Post by IlliniDave » Sat Feb 09, 2019 5:51 am

I am planning based on the cost of a Bronze ACA plan plus paying the full out of pocket max each year. Roughly speaking, for a single person that's about $20,000 per year, although the data I have is a few years old. It's unlikely that I would hit the OOP max often (especially for a lot of years in a row) but that's what I have laid into my planned budget. I'll have about 9 years of that before I switch over to Medicare. Based on anecdotal evidence from my older relatives I don't expect costs to be as high once on Medicare. So roughly speaking the upper bound should be on the order of $180K to get to Medicare. For you and your spouse you can count on about 2x the cost of a single person for ACA premiums. Not sure what the cost delta is when you get into the family plan realm, nor how the OOP max changes as people are added.
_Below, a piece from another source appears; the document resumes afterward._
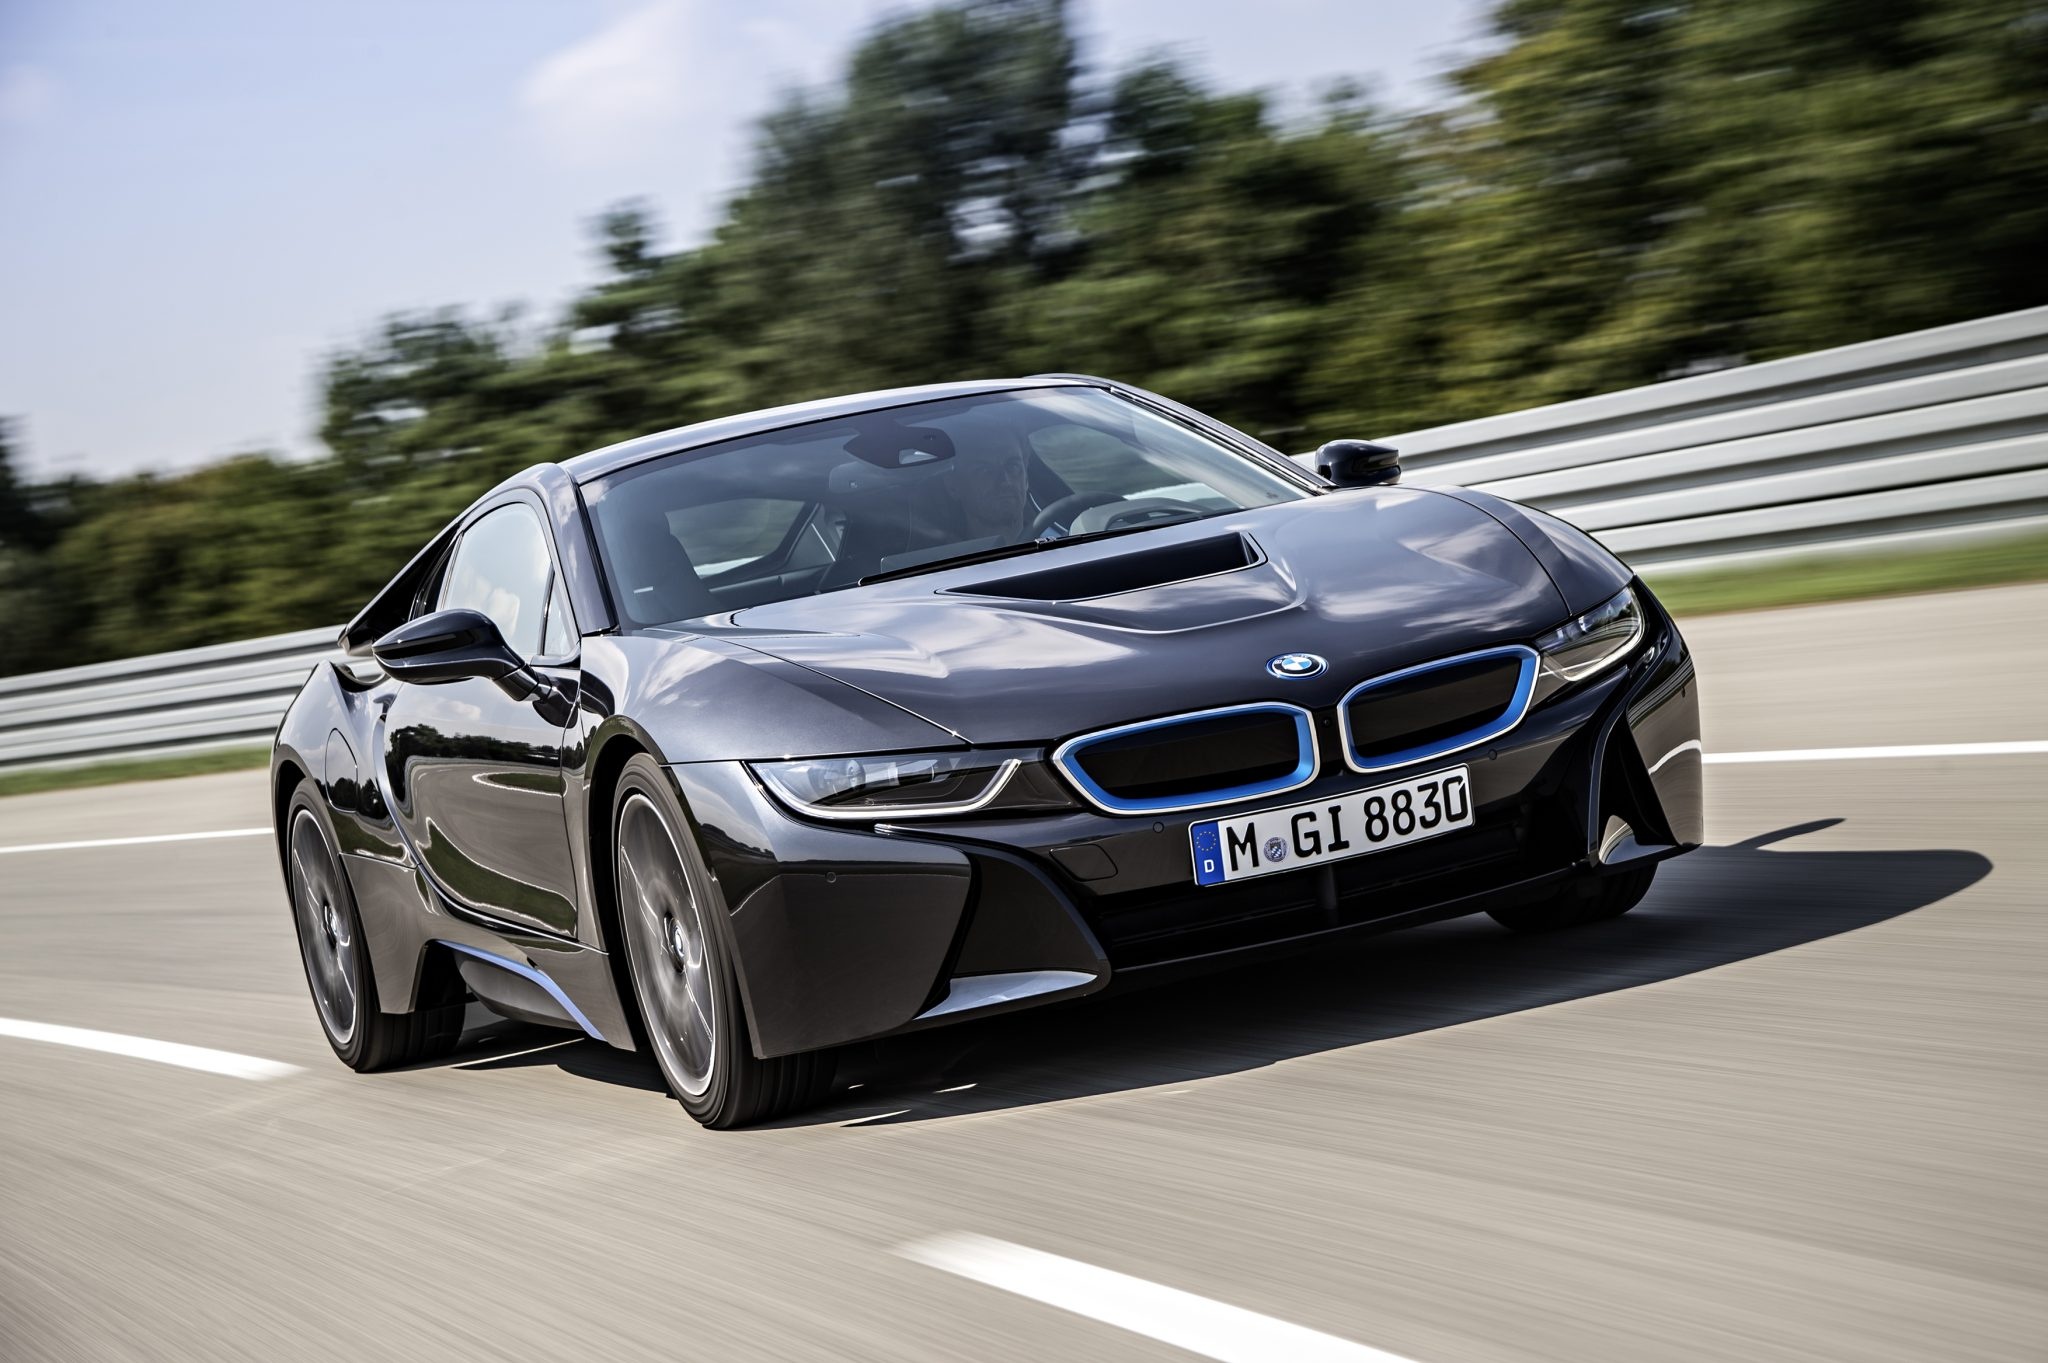 BMW i8, Supercar silhouette, Power and elegance, Iconic design, Automotive excellence, 2050x1370 HD Desktop
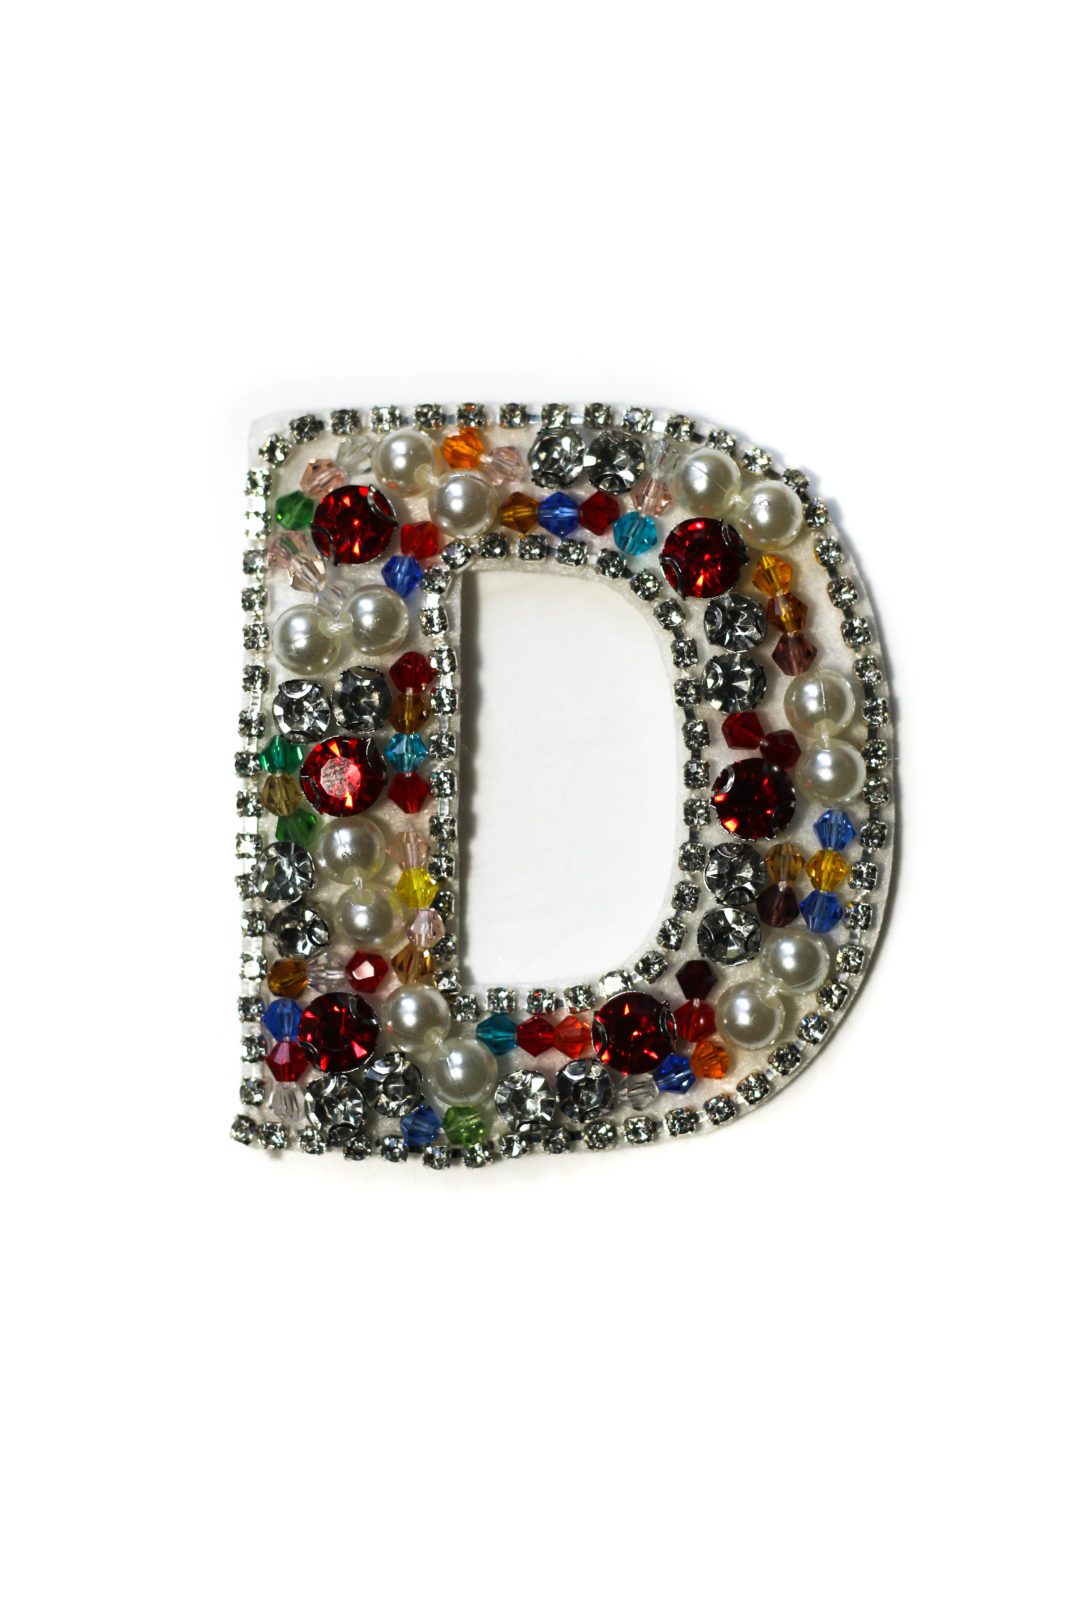 Letter D rhinestone beaded patches

Medicaid typically places limits on assets which would need to be spent down. In other words, I don't think any state would give you medicaid while you have around a half a million dollars "in the bank" irrespective of income. Not sure how they look at retirement accounts. It is free, but typically they put up safeguards to prevent people who really can pay for their medical care from using the program. However it is likely you would qualify for ACA premium subsidies and possibly ~"payment assistance" (not sure what the correct term for that is). A little time invested on Google should get you a calculator (on ACA.gov, IIRC) where you can look into that.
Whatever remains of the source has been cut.